ウクライナ「マリウポリで2万人超死亡」と推計 停戦交渉は暗礁に

産経ニュース
12日、ウクライナ南東部マリウポリの親ロシア派武装勢力メンバー(ロイター=共同)
12日、ウクライナ南東部マリウポリの親ロシア派武装勢力メンバー(ロイター=共同)

ロシアのウクライナ侵攻で、東部ドネツク州のキリレンコ知事は12日、米CNNテレビに、露軍が包囲する同州マリウポリで「2万人もしくは2万2千人が死亡した」との推計を明らかにした。一方、プーチン露大統領は同日、停戦交渉が「袋小路に陥った」と指摘。「目標達成まで作戦を続ける」と述べ、攻勢をさらに強める考えを示した。犠牲者の拡大を背景にウクライナとロシアの溝は深まっており、停戦交渉は暗礁に乗り上げつつある。

露国防省は同日、東部ルガンスク州の弾薬庫やハリコフ州の兵器集積所を破壊したと発表した。ロシアは現在、東部の制圧を「主要目標」と位置付け、増援部隊を派遣。今後、さらなる攻撃の激化と犠牲者の拡大が懸念されている。

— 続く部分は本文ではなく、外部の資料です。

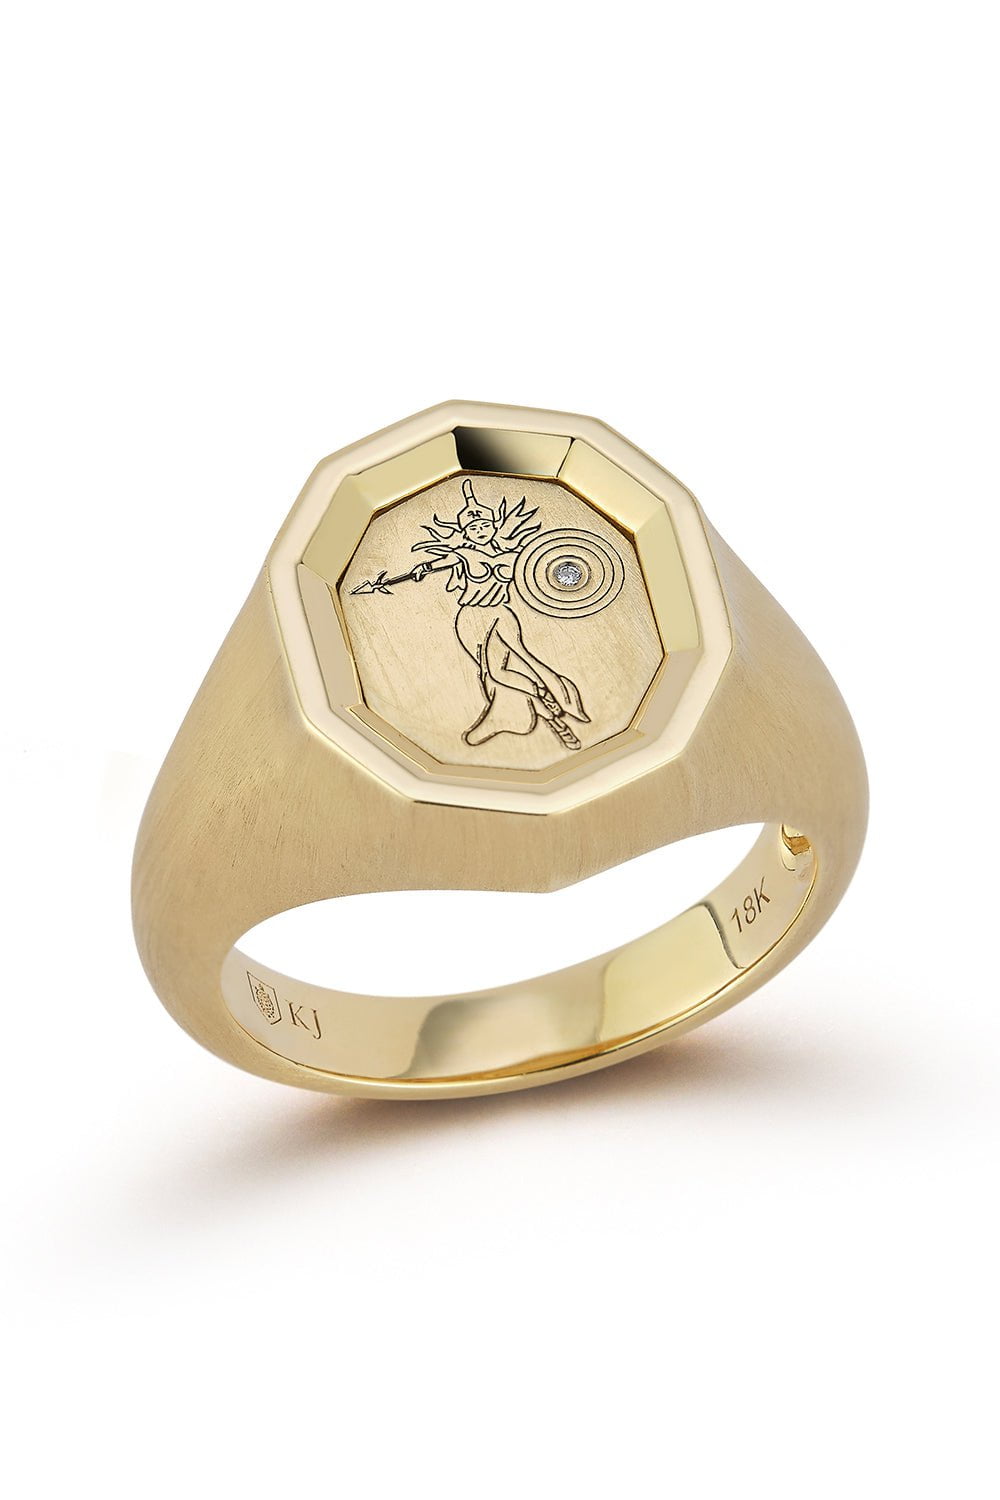 KATHERINE JETTER-The Athena Ring-YELLOW GOLD

一方、停戦交渉についてプーチン氏は12日、先月29日のトルコでの協議で一定の合意に達したにもかかわらず、ウクライナ側は首都キーウ(キエフ)近郊ブチャでの住民虐殺を「捏造(ねつぞう)」し、トルコでの合意からも立場を後退させた-と主張した。タス通信が伝えた。

先月29日の交渉でウクライナ側は、北大西洋条約機構(NATO)加盟を断念する「中立化」を受け入れる前提として「他国によるウクライナの安全の保証」を要求。プーチン氏によると、ウクライナ側は「安全の保証」の適用範囲について、ロシアが2014年に併合した南部クリミア半島と、親露派勢力が実効支配する東部地域を含まないとする立場を示した。しかしその後、ウクライナはクリミアや東部も適用範囲だとする立場に戻ったという。

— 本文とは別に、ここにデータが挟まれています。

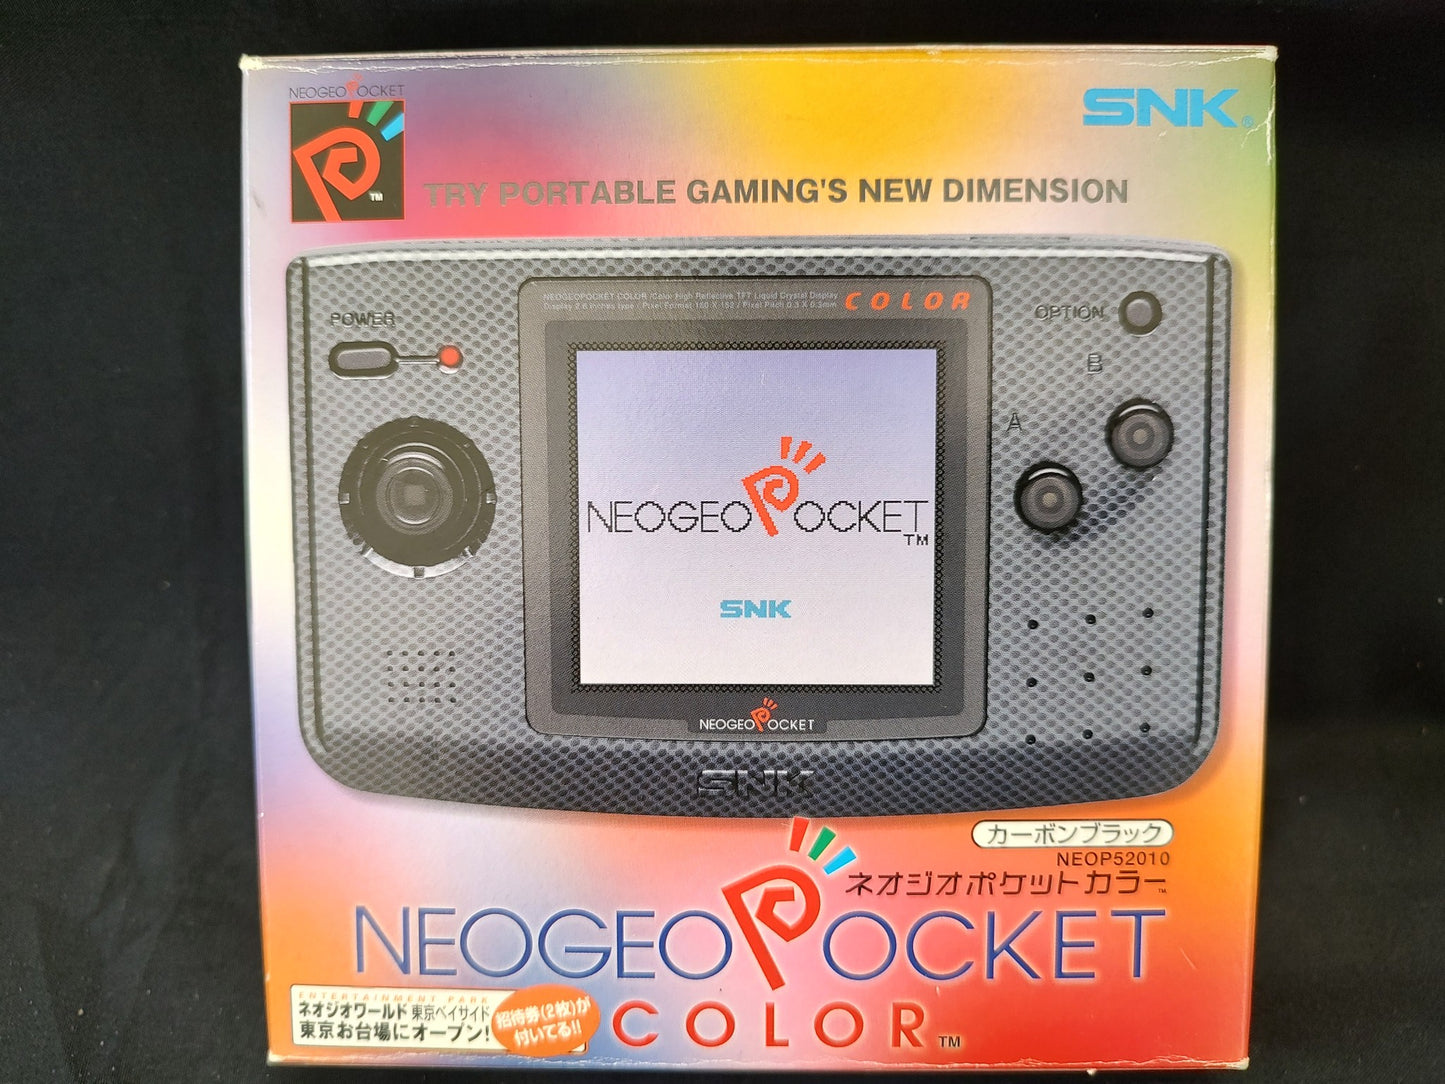 SNK NEOGEO POCKET Color Carbon Black Console and box set, Working-f1124-

これに先立ち、ウクライナのポドリャク大統領府長官顧問は今月8日、ブチャなどでの住民虐殺の発覚を受け、「対露姿勢を見直さざるを得ない」と指摘。ラブロフ露外相も7日、ウクライナ側から停戦条件に関する文書を6日に受け取ったと明らかにした上で「ウクライナは安全の保証の適用範囲について立場を後退させた」と述べていた。

ウクライナメディアによると、ブチャの市長は12日、露軍に殺害された市民403人の遺体が確認されたと明らかにした。